- DESCRIPTION OF THE TASK -
Please give every line below again exactly, but not its pictures.

- GIVEN INFORMATION -
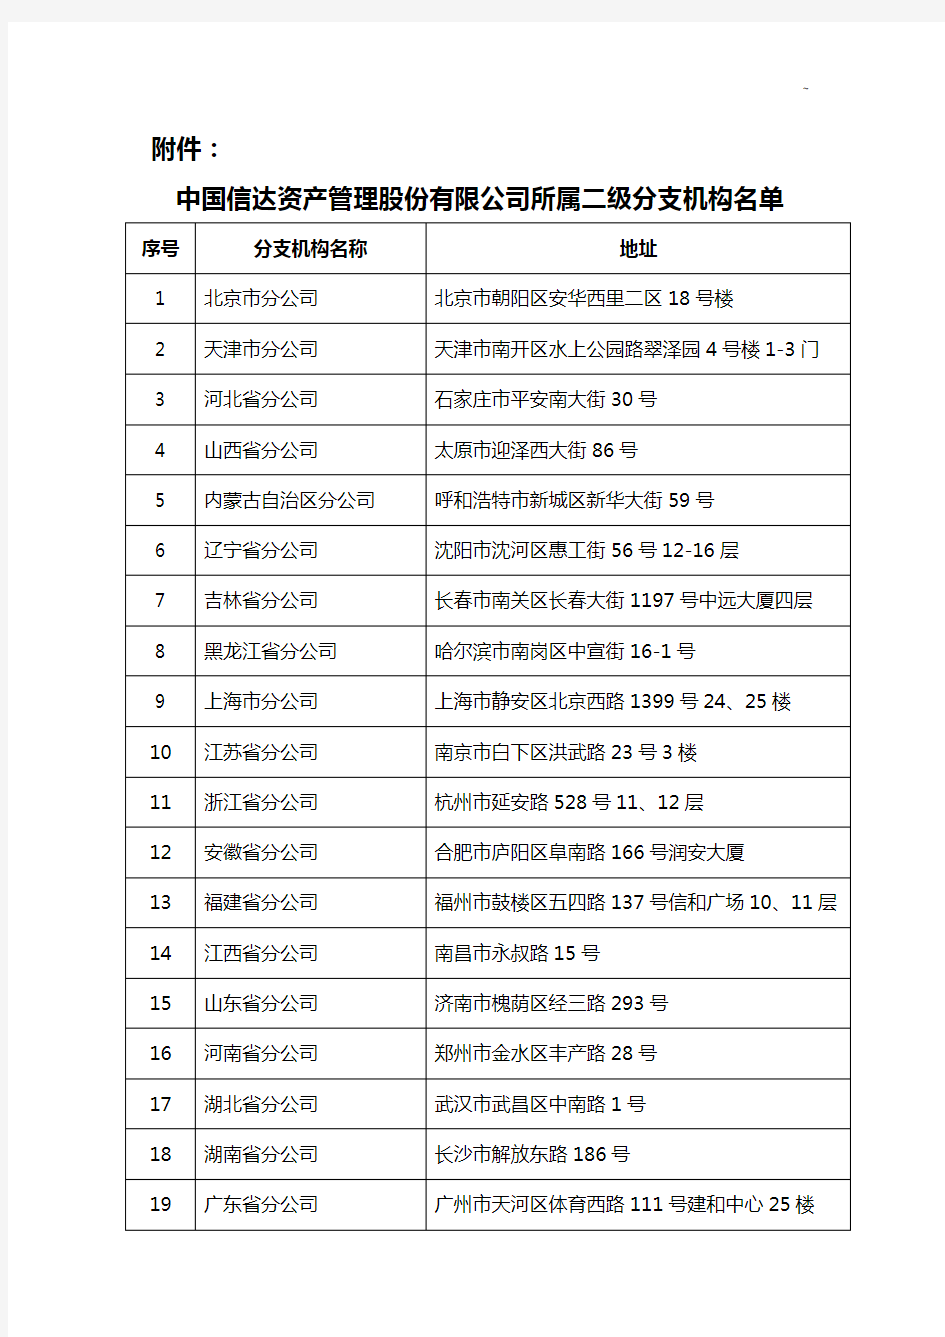 中国信达资产管理组织股份有限企业单位所属二级分支机构名单资料
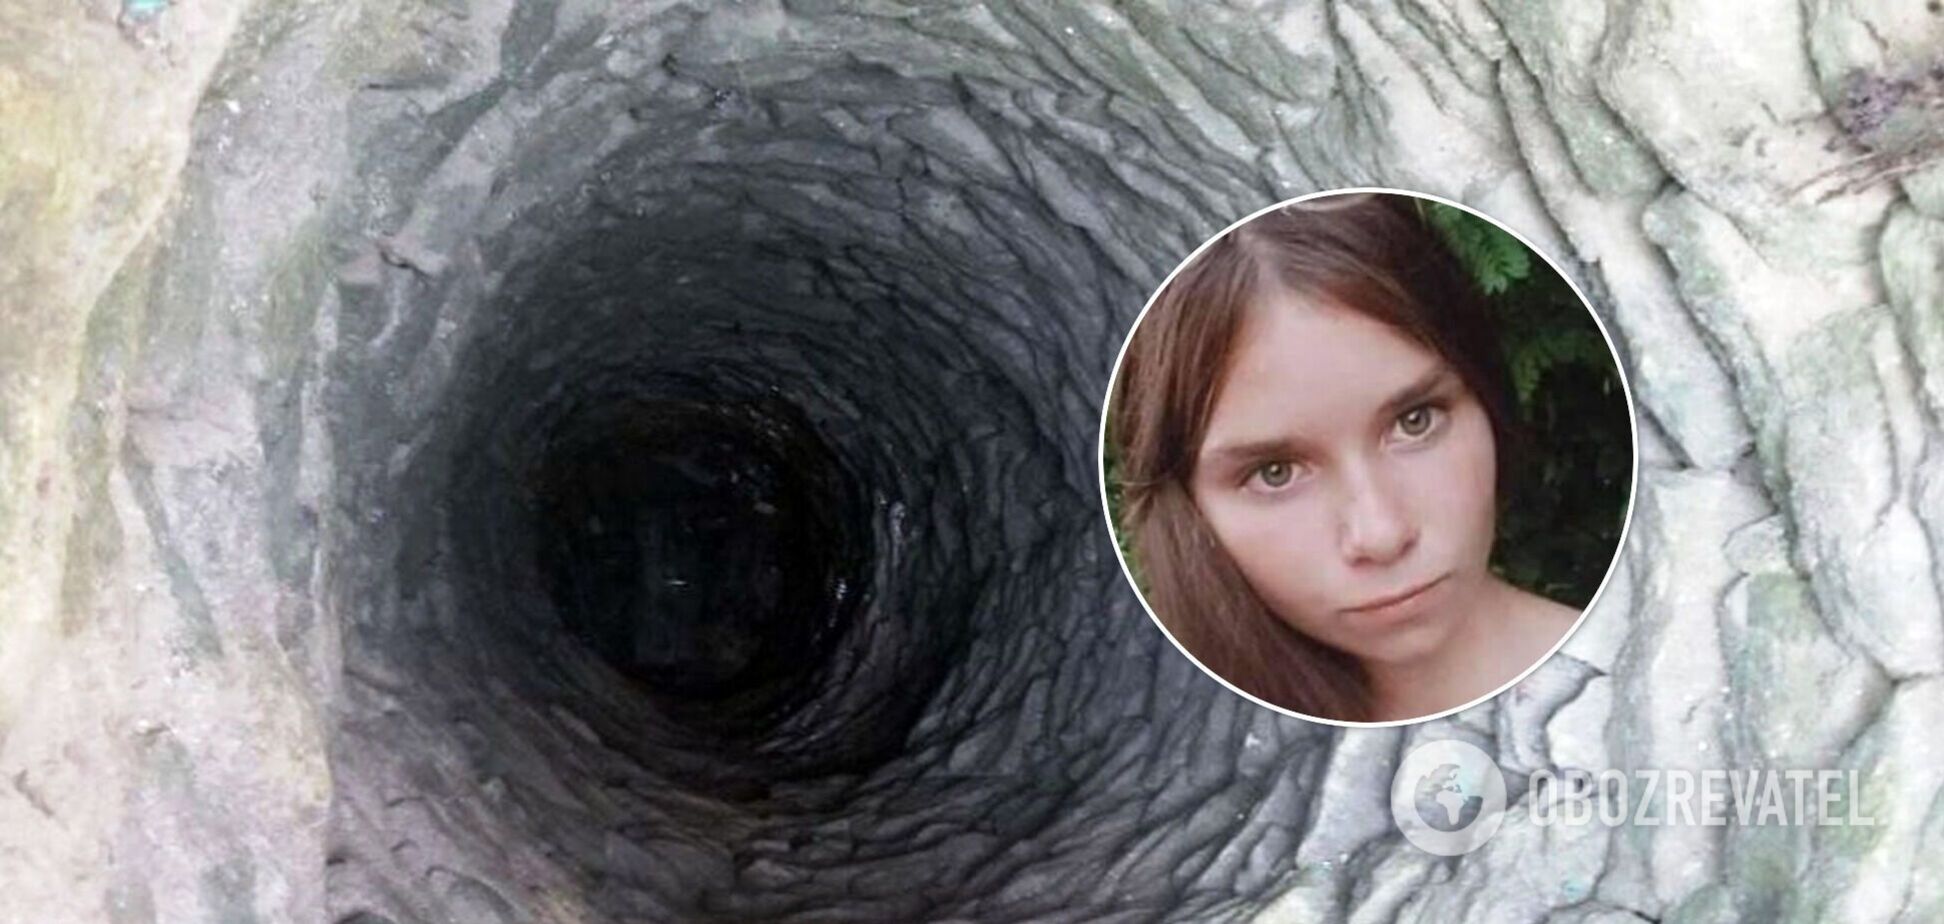 Під Кропивницьким зниклу 16-річну дівчину знайшли мертвою в колодязі. Фото і деталі трагедії
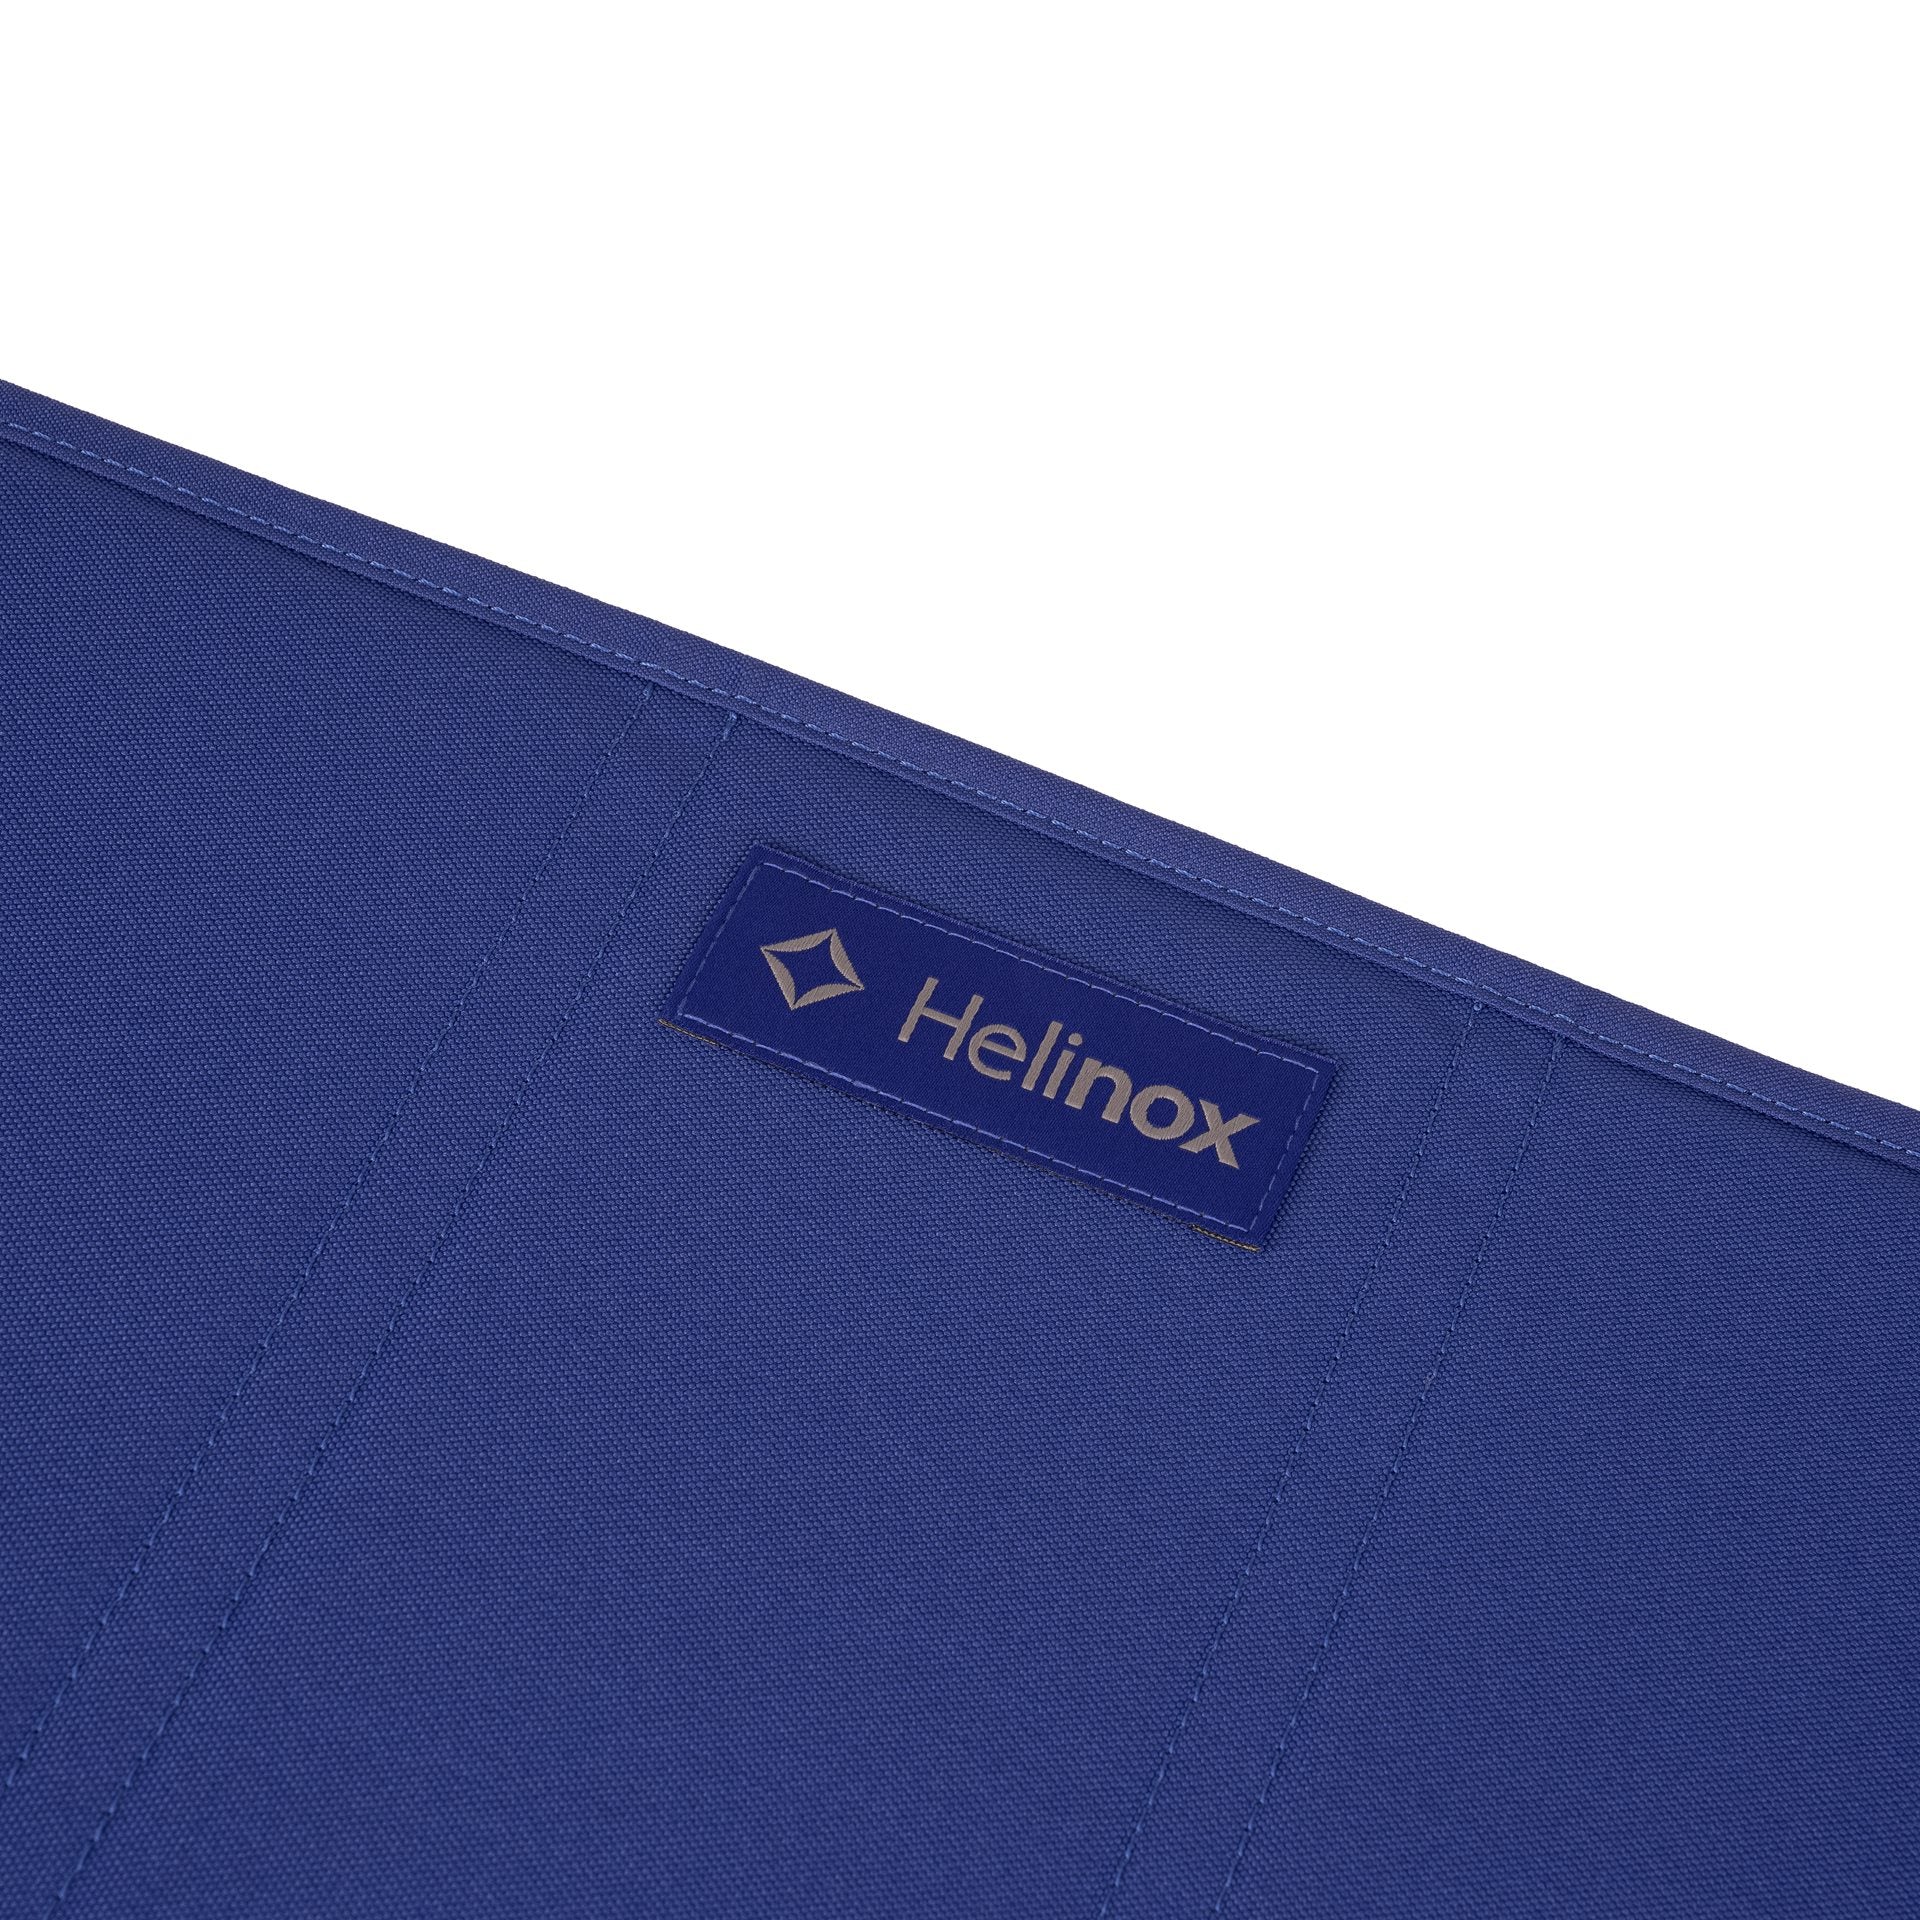 Helinox Table One  Hard Top - Kampeertafel Medium- Cobalt Campingtafel - Reisartikelen-nl

- FINAL ANSWER -
 中国信达资产管理组织股份有限企业单位所属二级分支机构名单资料
 Під Кропивницьким зниклу 16-річну дівчину знайшли мертвою в колодязі. Фото і деталі трагедії
 Helinox Table One  Hard Top - Kampeertafel Medium- Cobalt Campingtafel - Reisartikelen-nl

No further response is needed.